Aim of the exercise >> In the material below, begin at the line that has "Siége de Paris, 1870", stop after the line that has "Чай масала: рецепт", and transcribe those lines exactly, without pictures.

Input for this task >>
Content starts

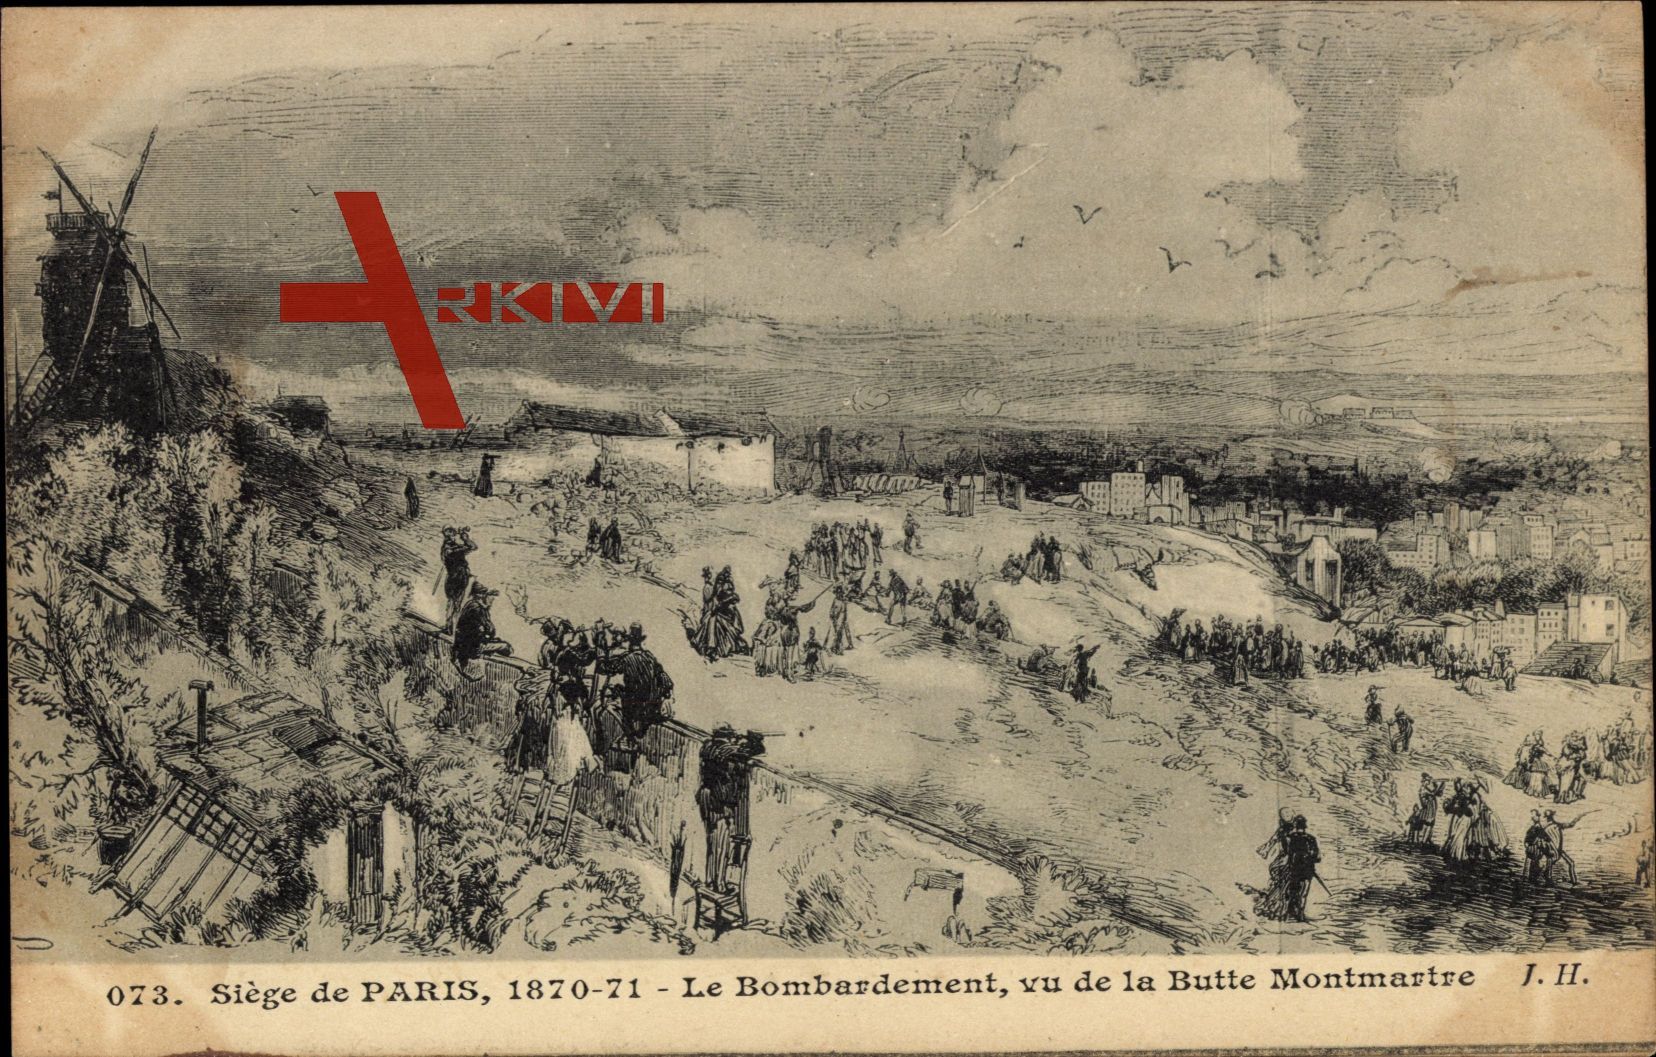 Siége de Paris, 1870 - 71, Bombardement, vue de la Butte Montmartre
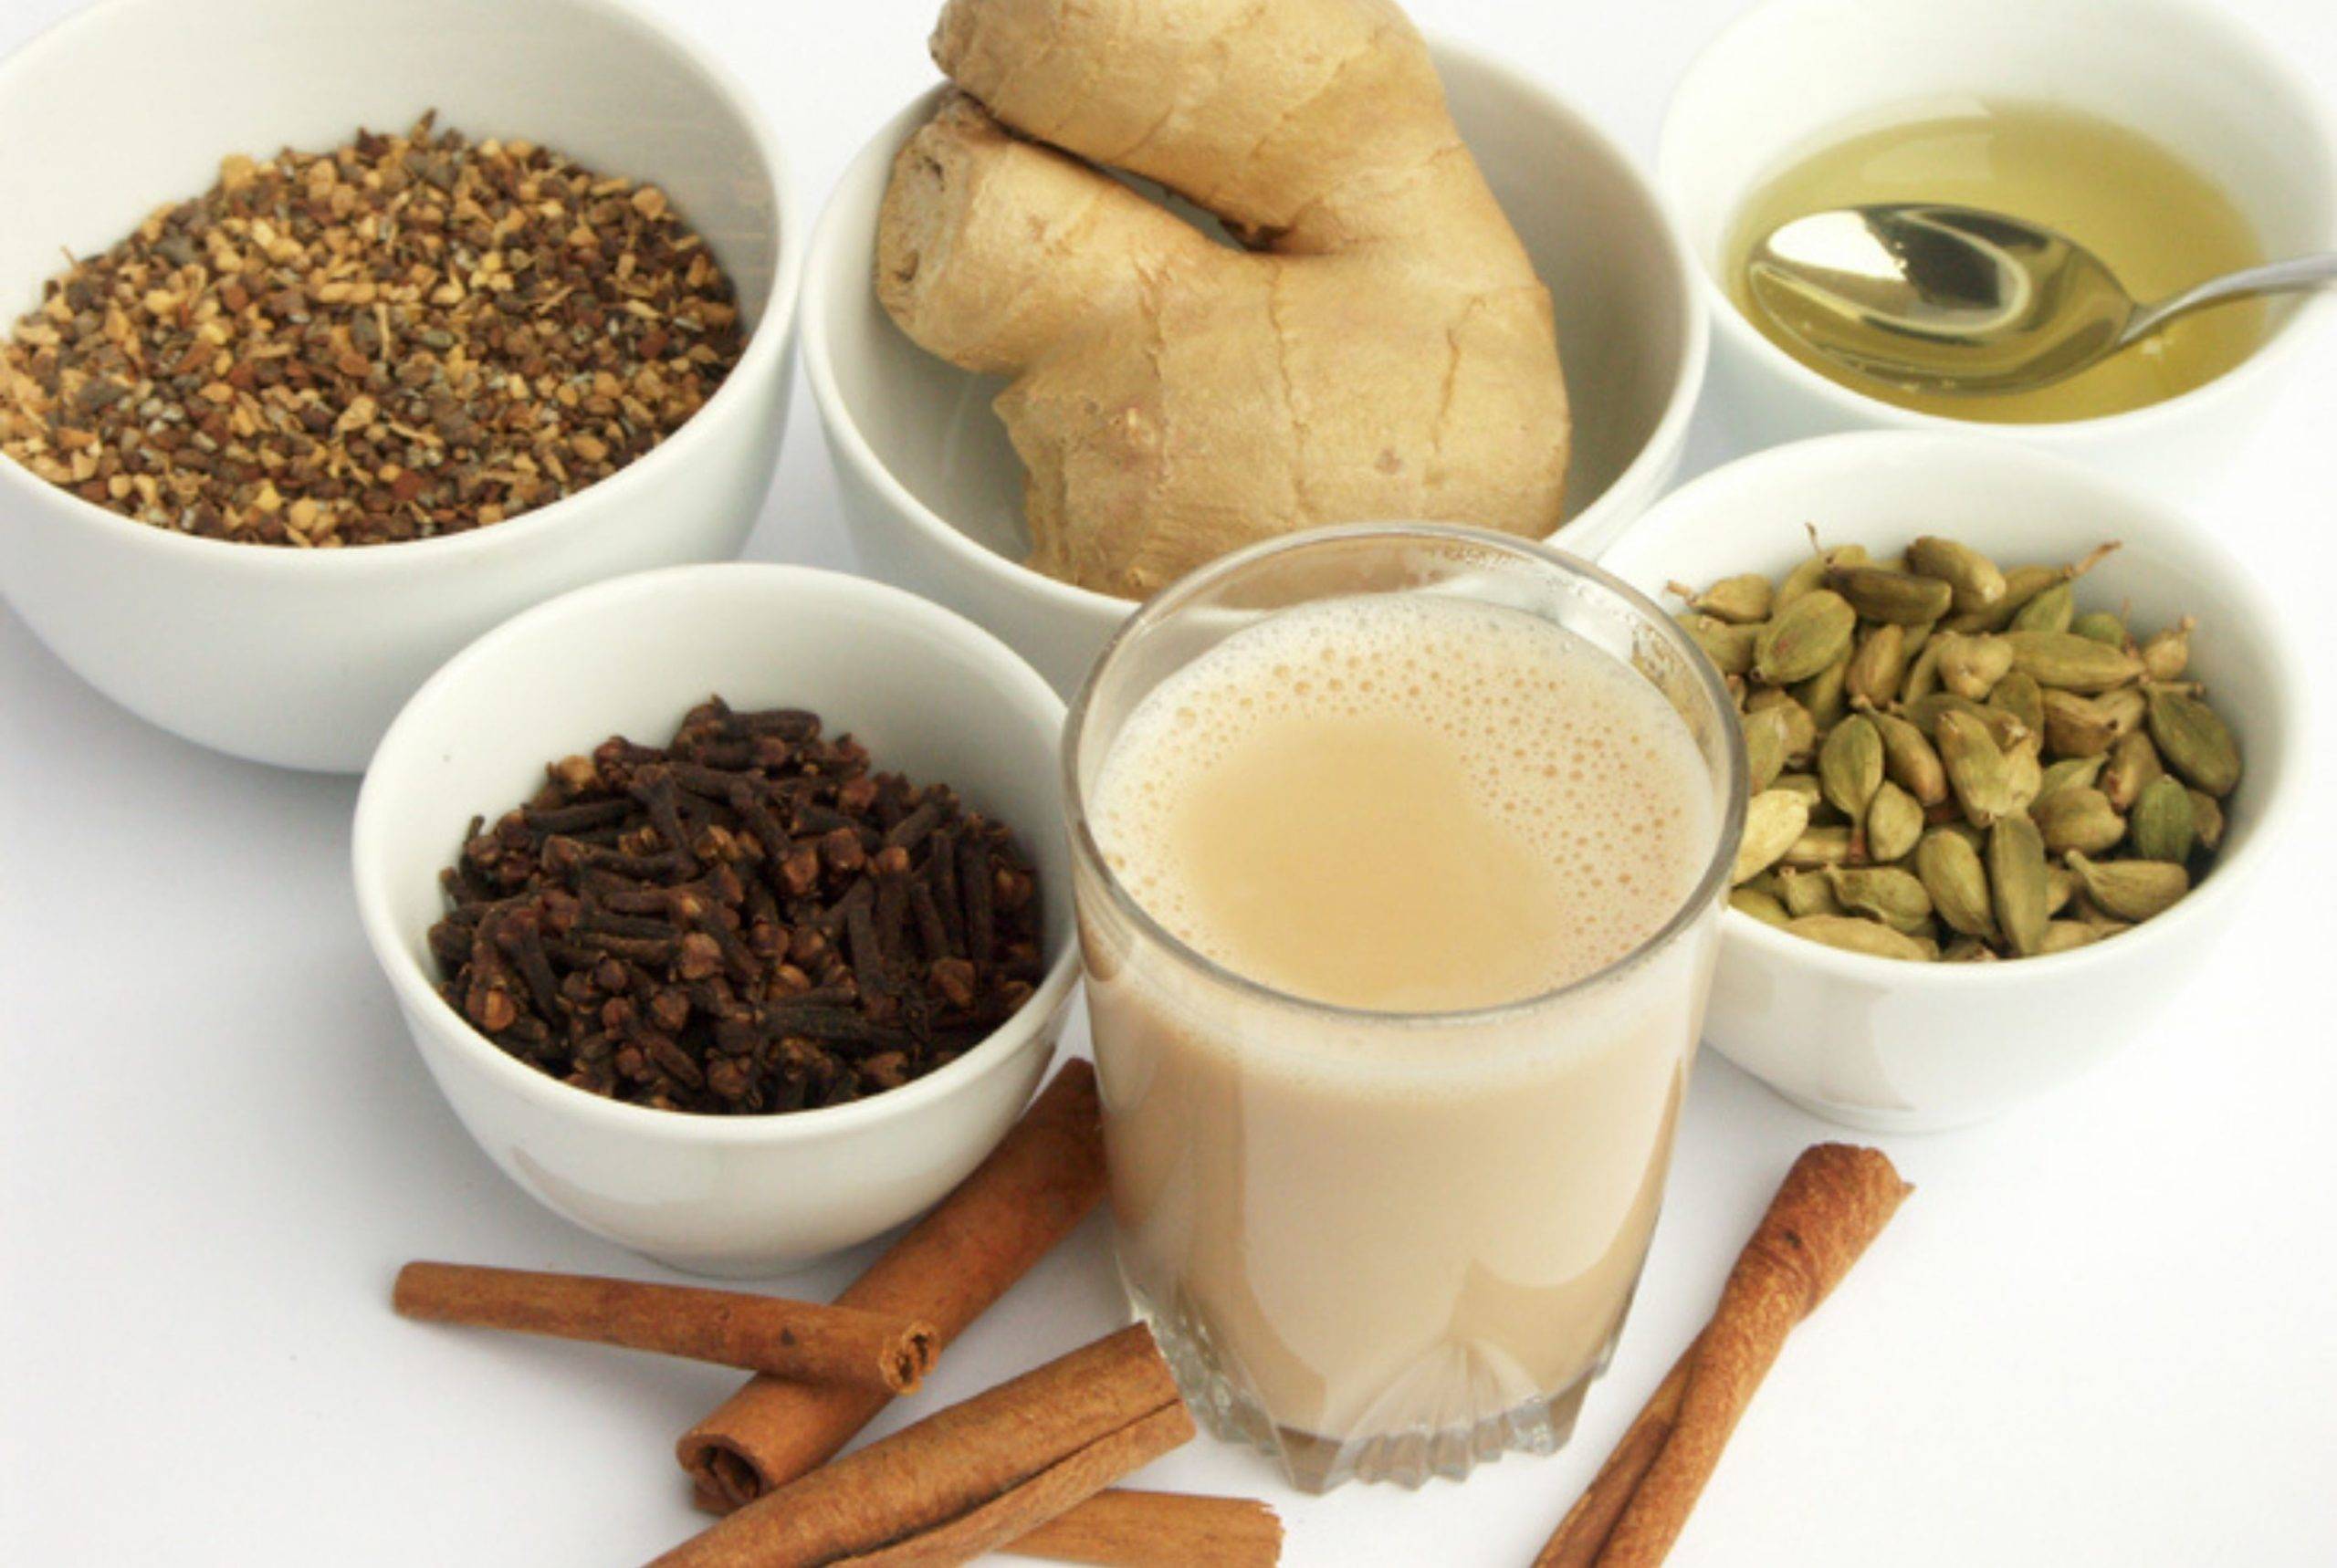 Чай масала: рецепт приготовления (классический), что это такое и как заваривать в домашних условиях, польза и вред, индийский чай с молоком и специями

Content ends
Content starts

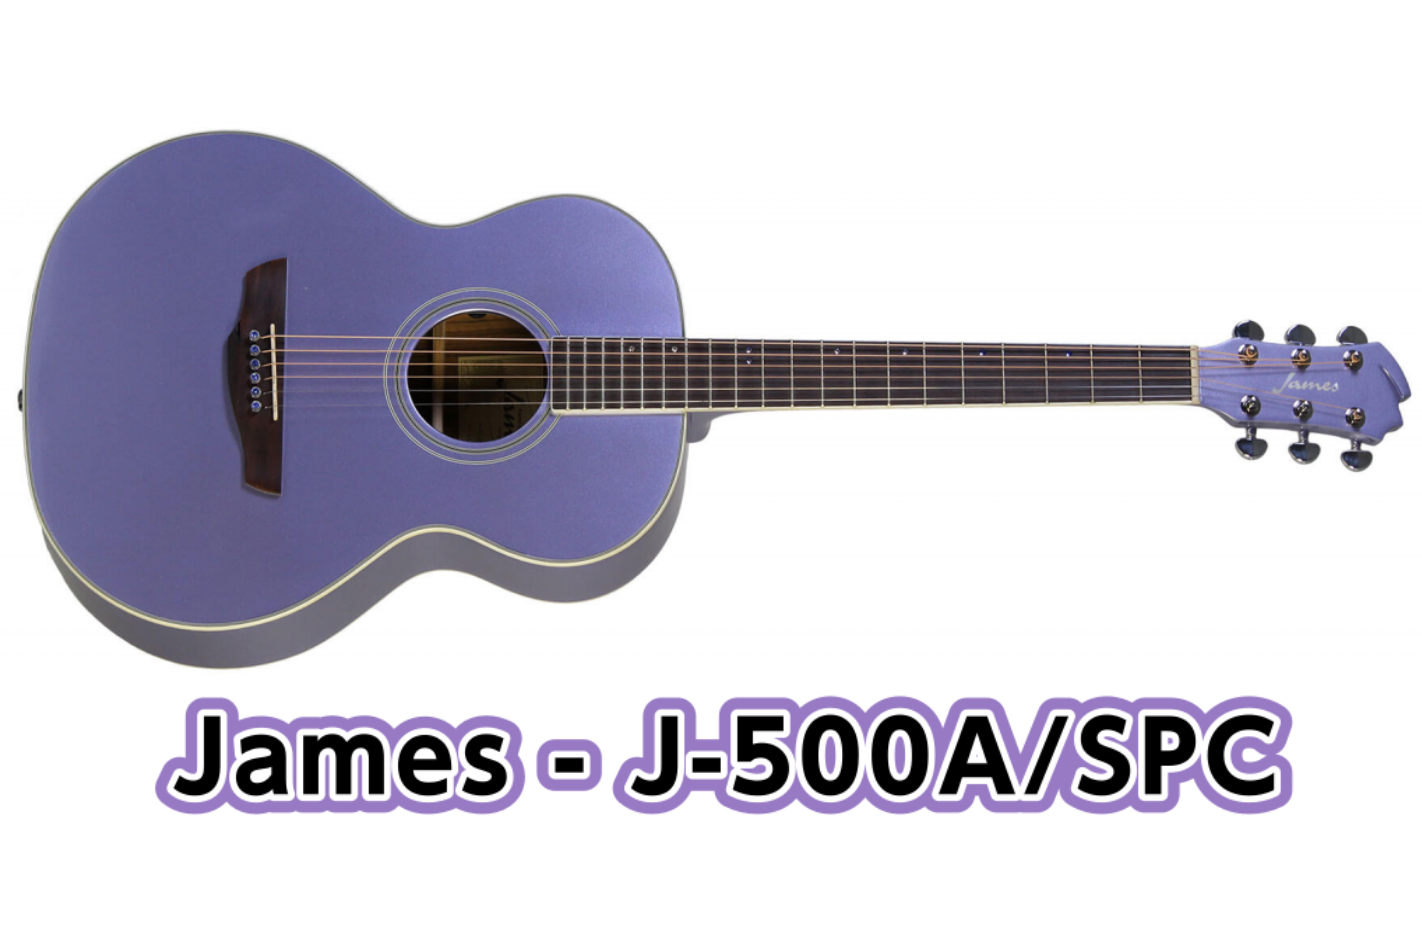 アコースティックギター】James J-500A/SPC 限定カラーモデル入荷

Content ends
Content starts

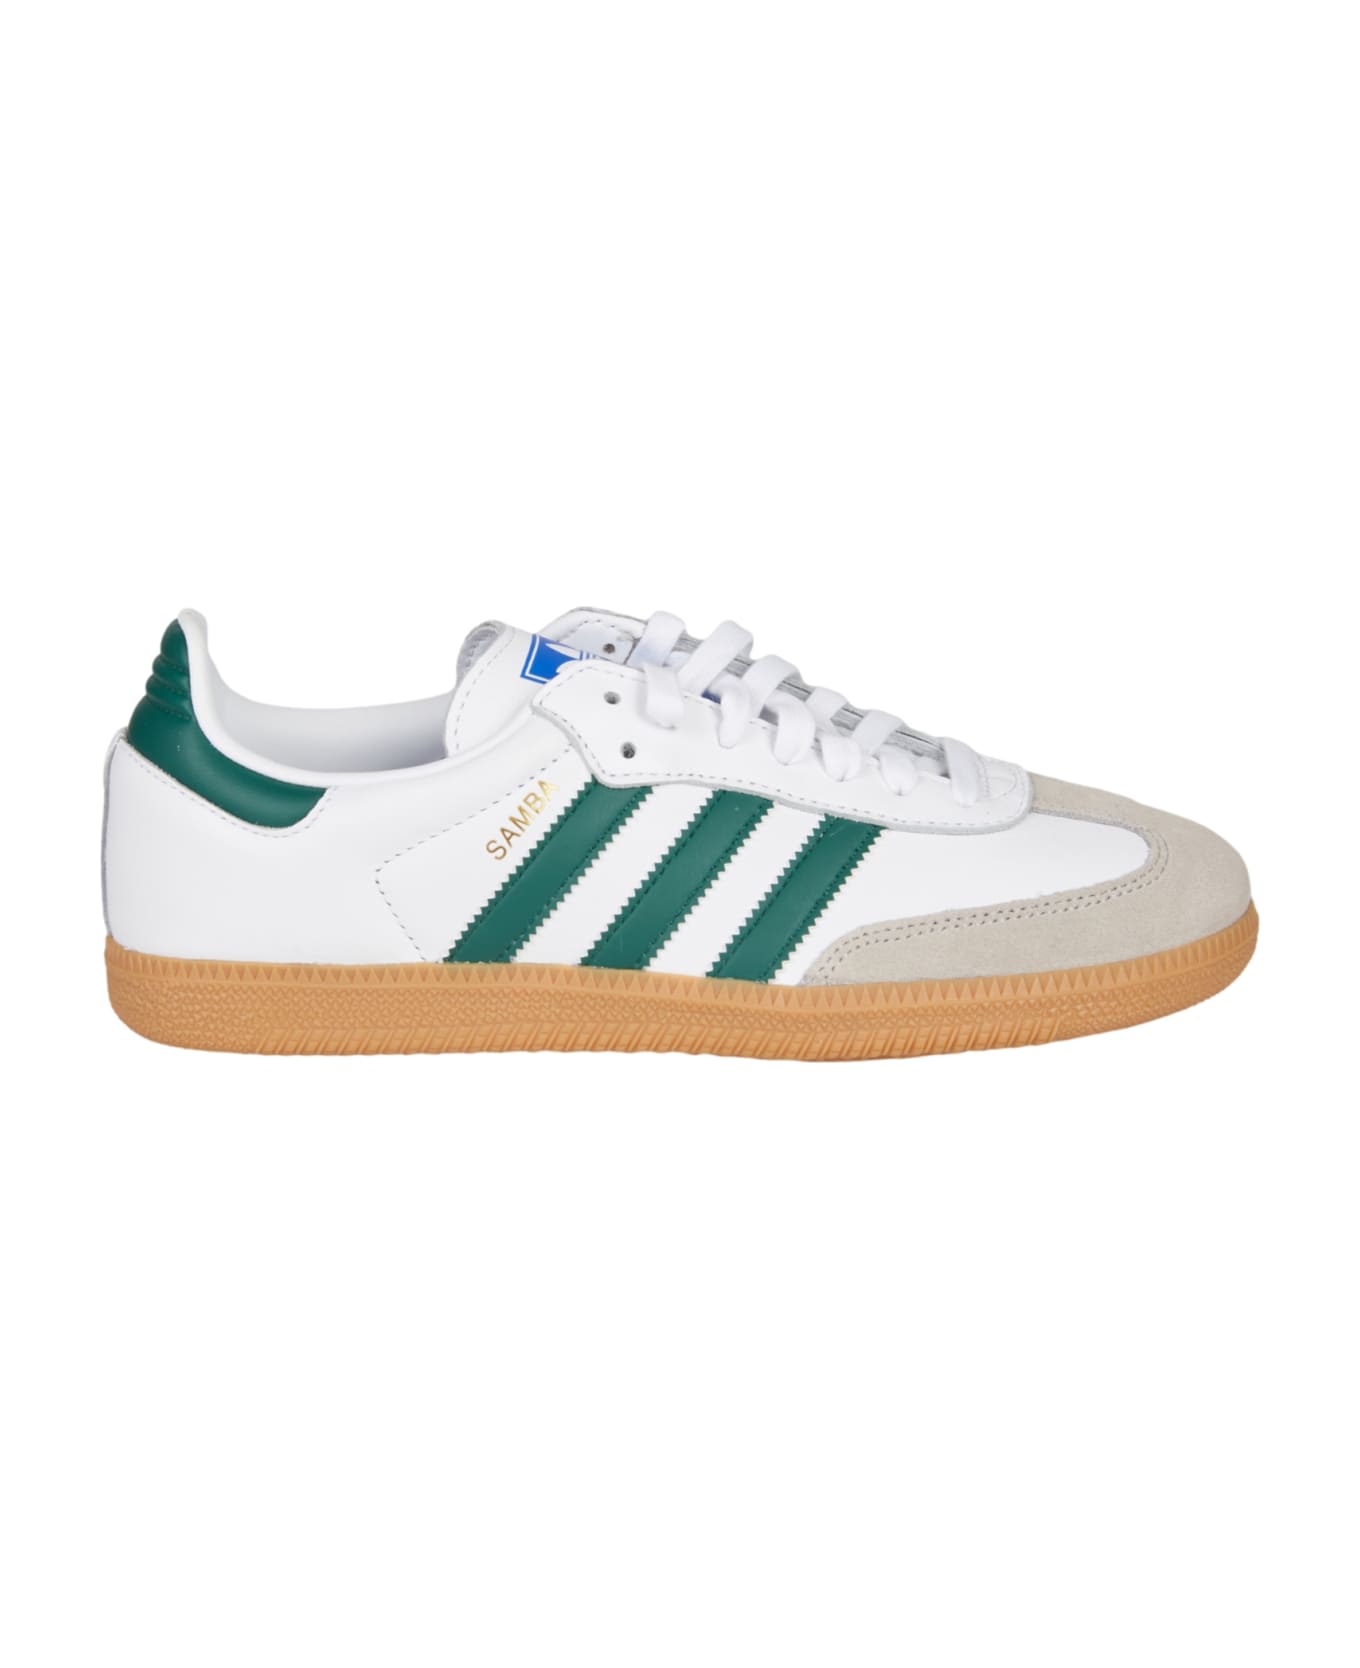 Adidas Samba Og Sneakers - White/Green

Content ends

Solution to this problem >>
 Siége de Paris, 1870 - 71, Bombardement, vue de la Butte Montmartre
 Чай масала: рецепт приготовления (классический), что это такое и как заваривать в домашних условиях, польза и вред, индийский чай с молоком и специями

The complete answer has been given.